The river is so violent that even though a boat is stranded about 200 meters from shore, many lose their lives. One of the women who reproduces in detail the massacre of her family was lucky herself and got a boat kiss over. With one arm partially cut off after the rape, she still escaped from a burnt house. Deadly violence, and then the fire is a pervasive finale to all the rape stories in the book. Well across the river in Bangladesh, the woman meets a sister who takes care of her. In the camp, there are more queues to support her, but she recognizes that no one can replace her husband, who was so good to her and the children she also lost. History gives double hope. It tells of great consideration among the Rohingya, but also among those they meet in Bangladesh. It tells about the will and integrity of life. The woman is part of a longer portrait series that helps us get to know the people behind the testimonies.

NO PLACE ON EARTH – GENERATING COLORING PREVIOUS COLORS

Violence, water and man-made evil. In the large landscape images of refugees – or overview images of the camp – there is constantly rain, mud and large bodies of water. Flooding makes the refugees more vulnerable to cholera and other things. The book's texts confirm the mortality. The irony of having come out alive from hell on earth, and then perishing in safety due to lack of clean water is cruel. The book is capable of providing associations to a biblical scale for migration and abuse. Black silhouettes in endless rows along what looks like rice fields. An old man is carried in a deck chair which is hung on a cane.
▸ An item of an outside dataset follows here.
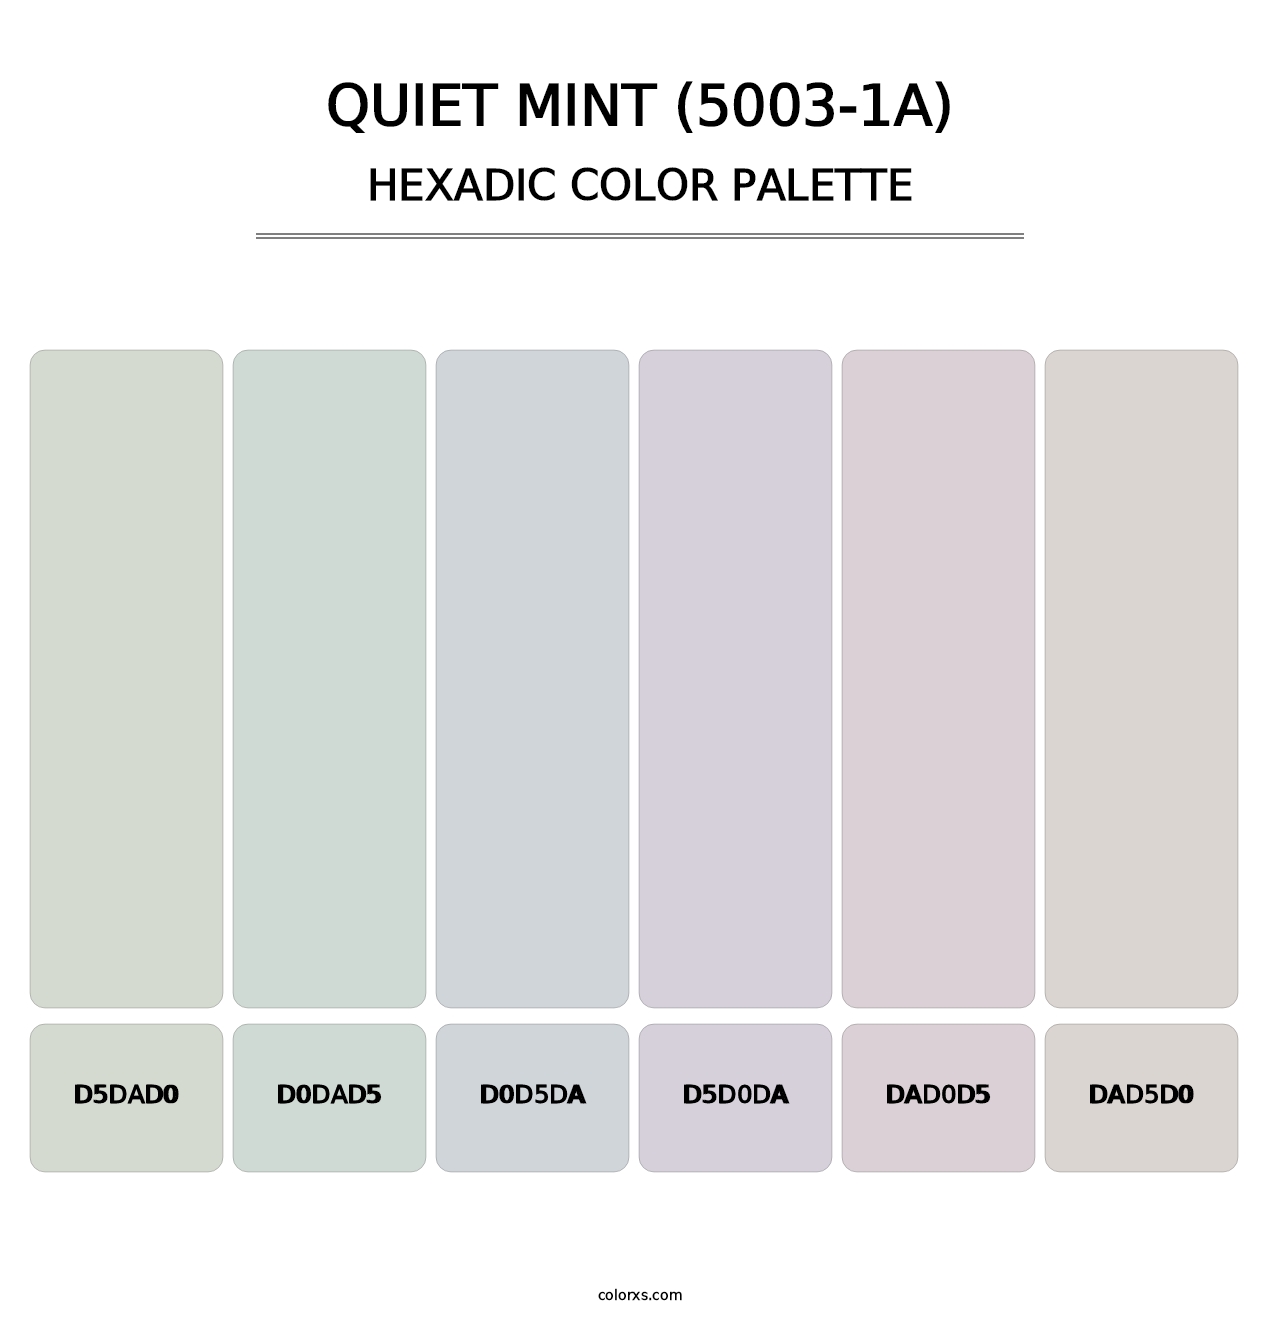 Quiet Mint (5003-1A) - Hexadic Color Palette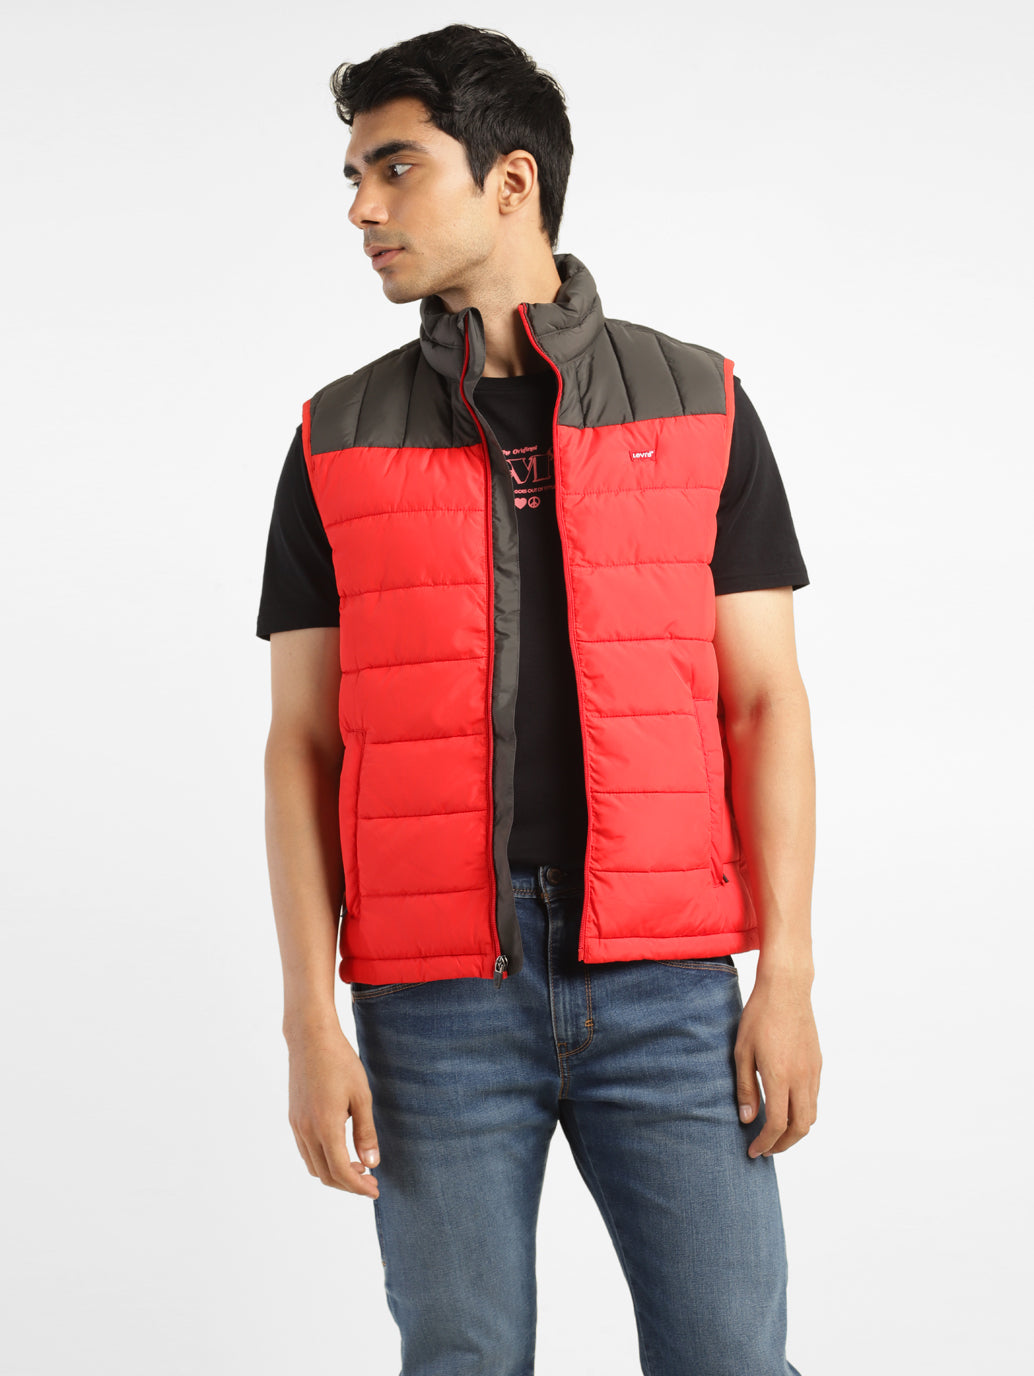 Men's Solid Red Mandarin Collar Jacket

There is also an almost Old Testament darkness in the unspeakable atrocities that the book boldly describes in detail. The outrageousness is such that even a tiny part is suffocating to reproduce: Infants are torn from the mother's breast and roasted alive on the fire. No, the rest will tell the book. Perhaps the overly beautiful and flattering photography is necessary for us to be able to take on some of this monstrous man-made evil.